In order to comply with the withdrawal period, it is sufficient for the buyer to have Exercise of the right of withdrawal before the end of the withdrawal period.

Consequences of revocation

If the Buyer cancels this agreement, 3W shall repay to the Buyer all payments received by 3W from the Buyer, including delivery costs (with the exception of the additional costs resulting from the Buyer’s choice of a delivery method other than the cheapest standard delivery offered by 3W), immediately and at the latest within fourteen days from the day on which 3W receives notification of the cancellation of this agreement. For this repayment, 3W shall use the same means of payment that the Buyer used for the original transaction, unless expressly agreed otherwise with the Buyer; under no circumstances shall the Buyer be charged for this repayment. 3W may refuse the refund until 3W has received the goods back or until the Buyer has provided proof that he has returned the goods, whichever is the earlier. The Buyer shall return or hand over the goods to 3W Professional GmbH, Liese-Meitner-Straße 33, D-63457 Hanau, Germany, immediately and in any case within fourteen days at the latest from the date on which the Buyer notifies 3W of the cancellation of this agreement. The time limit shall be deemed to have been observed if the Buyer dispatches the goods before the expiry of the period of fourteen days. The purchaser shall bear the direct costs of returning the goods. The buyer shall only be liable for any loss of value of the goods if this loss of value is attributable to a defect in the goods which is necessary for the examination of the condition, properties and functioning of the goods. of the goods is due to unnecessary handling by the buyer.

§ 12 Data protection

12.1 The Customer authorises 3W and agrees to process, store and evaluate the data about the Customer received in connection with the business relationship in accordance with the data protection laws. 3W stores and uses the personal data of the customer only for the processing of the orders and possible complaints.

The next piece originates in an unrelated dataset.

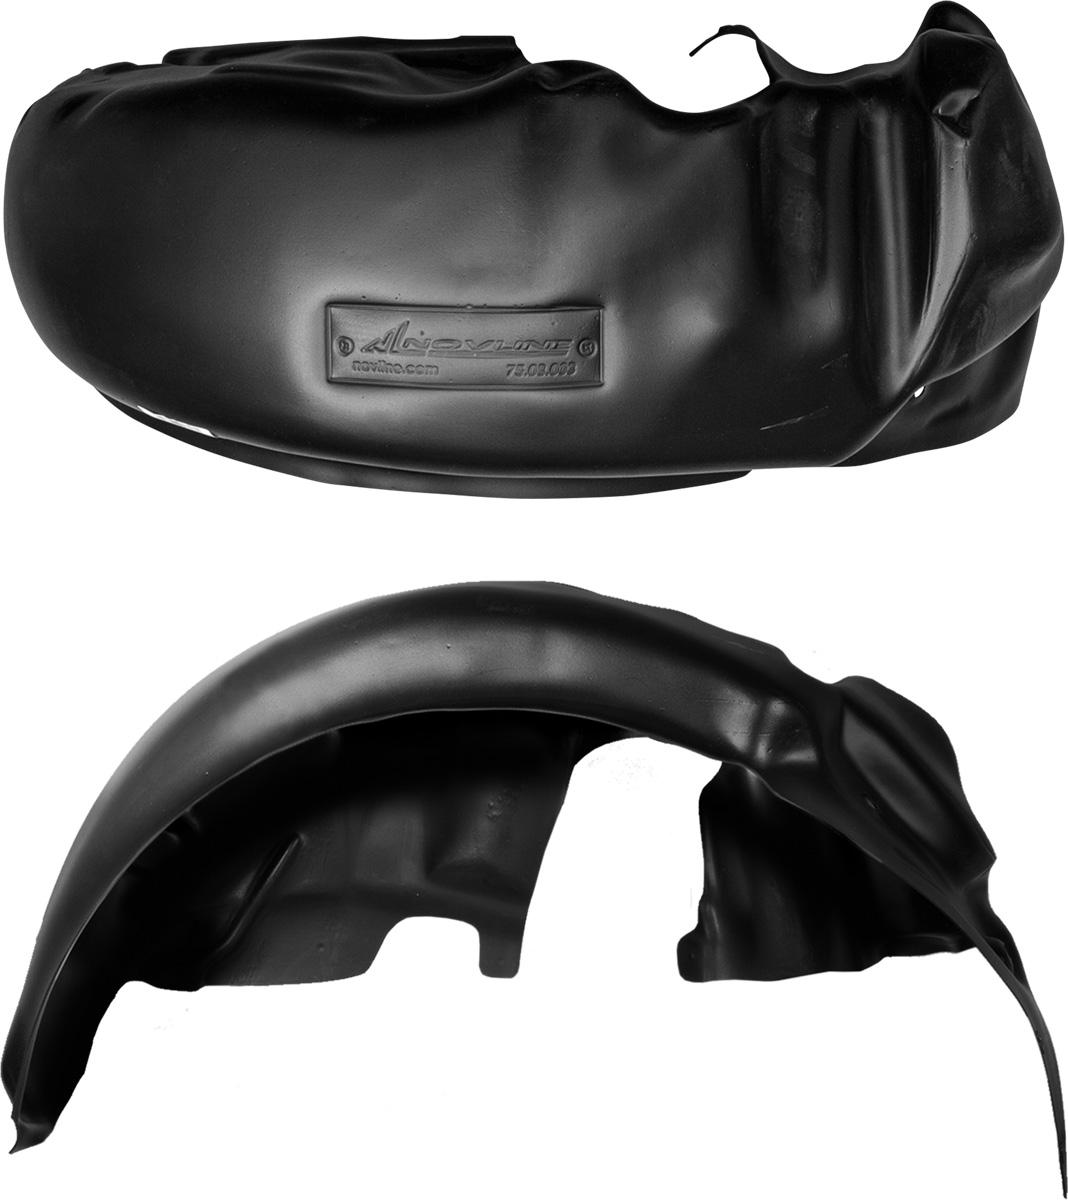 Подкрылок Novline-Autofamily, для Кia Rio, 2011->, седан, хэтчбек, передний левыйNLL.25.38.001Колесные ниши - одни из самых уязвимых зон днища вашего автомобиля. Они постоянно подвергаются воздействию со стороны дороги. Лучшая, почти абсолютная защита для них - специально отформованные пластиковые кожухи, которые называются подкрылками. Производятся они как для отечественных моделей автомобилей, так и для иномарок. Подкрылки Novline-Autofamily выполнены из высококачественного, экологически чистого пластика. Обеспечивают надежную защиту кузова автомобиля от пескоструйного эффекта и негативного влияния, агрессивных антигололедных реагентов. Пластик обладает более низкой теплопроводностью, чем металл, поэтому в зимний период эксплуатации использование пластиковых подкрылков позволяет лучше защитить колесные ниши от налипания снега и образования наледи. Оригинальность конструкции подчеркивает элегантность автомобиля, бережно защищает нанесенное на днище кузова антикоррозийное покрытие и позволяет осуществить крепление подкрылков внутри колесной арки практически без дополнительного крепежа и сверления, не нарушая при этом лакокрасочного покрытия, что предотвращает возникновение новых очагов коррозии. Подкрылки долговечны, обладают высокой прочностью и сохраняют заданную форму, а также все свои физико-механические характеристики в самых тяжелых климатических условиях (от -50°С до +50°С).Уважаемые клиенты!Обращаем ваше внимание, на тот факт, что подкрылок имеет форму, соответствующую модели данного автомобиля. Фото служит для визуального восприятия товара.
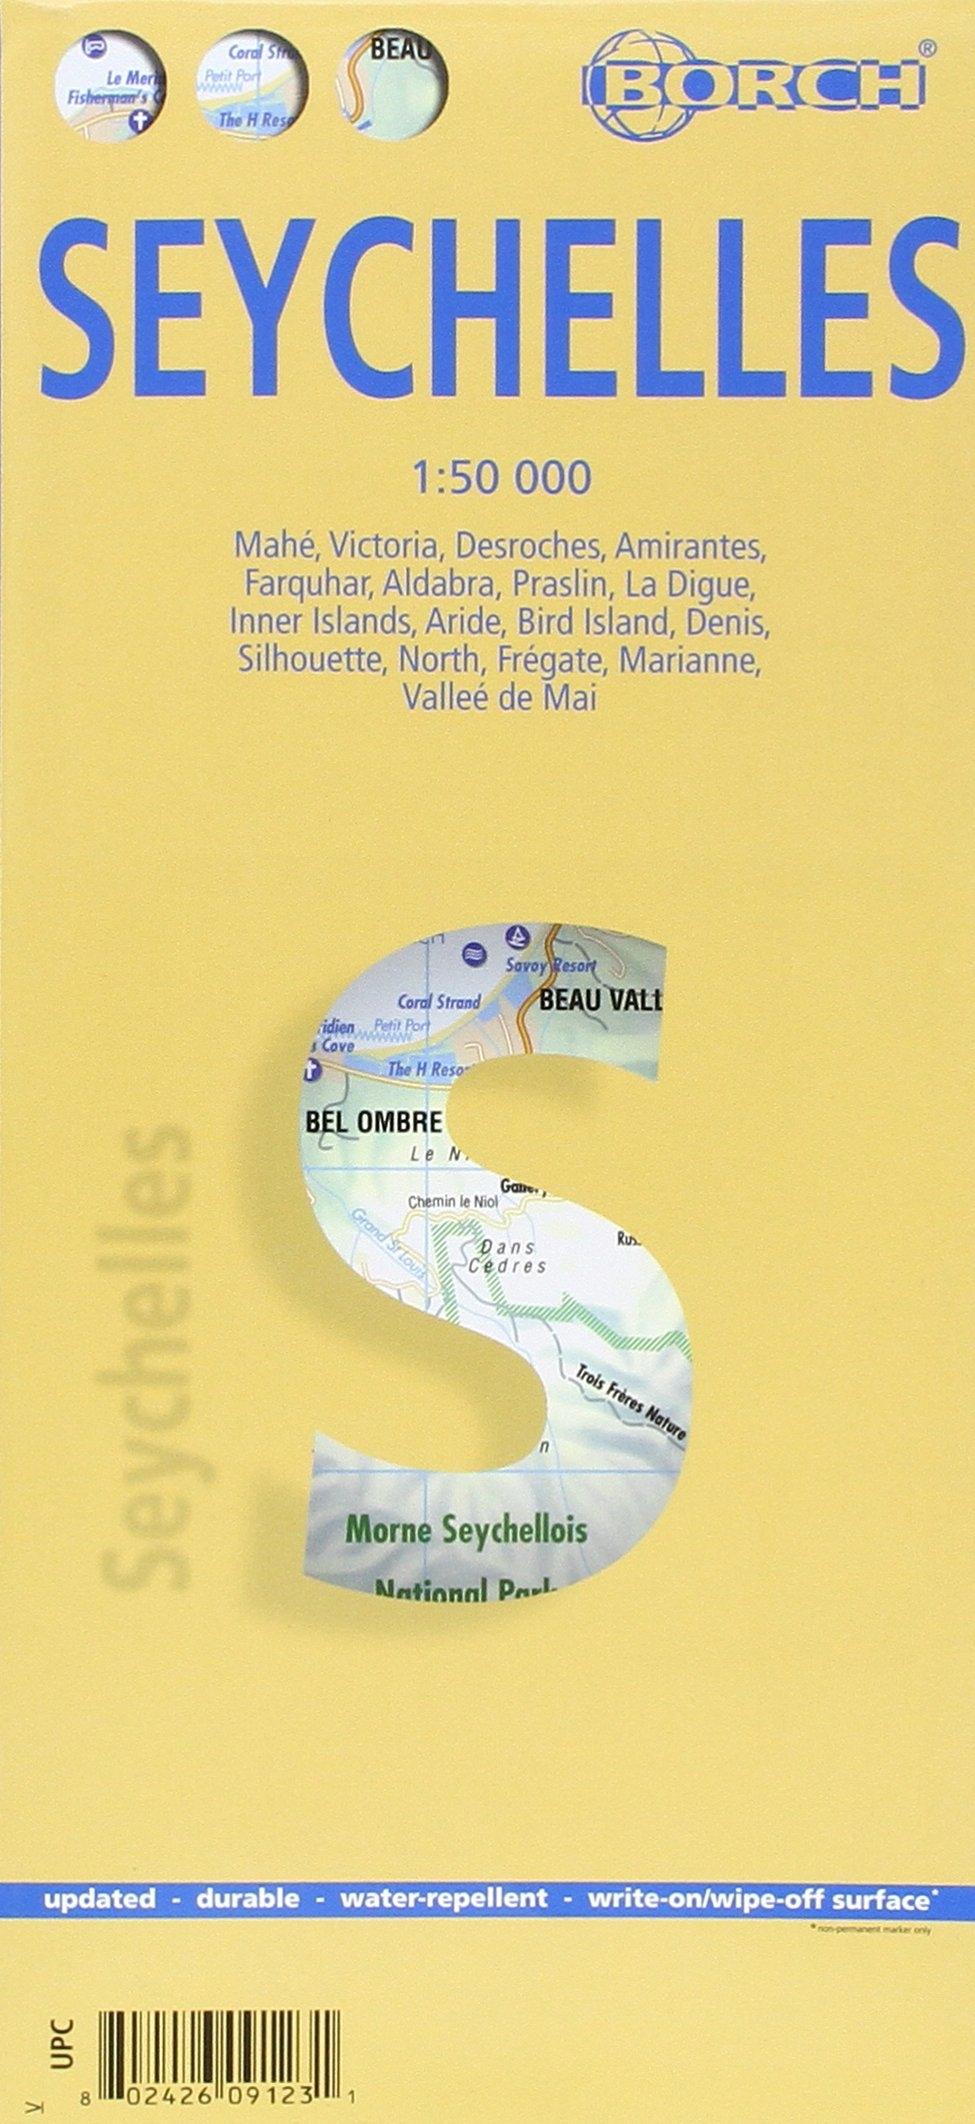 Mappa Borch Seychelles

12.2 3W does not pass on personal customer data to third parties. Excluded from this are service partners who require the transmission of data for order processing. In these cases the amount of transmitted data is limited to the necessary minimum. The customer has in any case and at any time a right to information as well as a right to correction, blocking and deletion of his stored data.

§ 13 Final provisions

13.1 These General Terms and Conditions contain all the rights and obligations of the contracting parties. Other agreements or declarations of intent of the contracting parties must be in writing to be legally effective. This also applies to any change to the requirement of the written form.

13.2 If the customer is a merchant, Hanau is the sole place of jurisdiction for all disputes between the contractual parties.

13.3 German law applies exclusively, excluding the provisions of the UN Convention on Contracts for the International Sale of Goods. The contractual language is German.

13.4 Should one of these provisions be invalid, the validity of the remaining provisions shall not be affected. Ineffective provisions shall be replaced by such effective provisions which achieve the intended economic purpose of the invalid provision. largely achieve.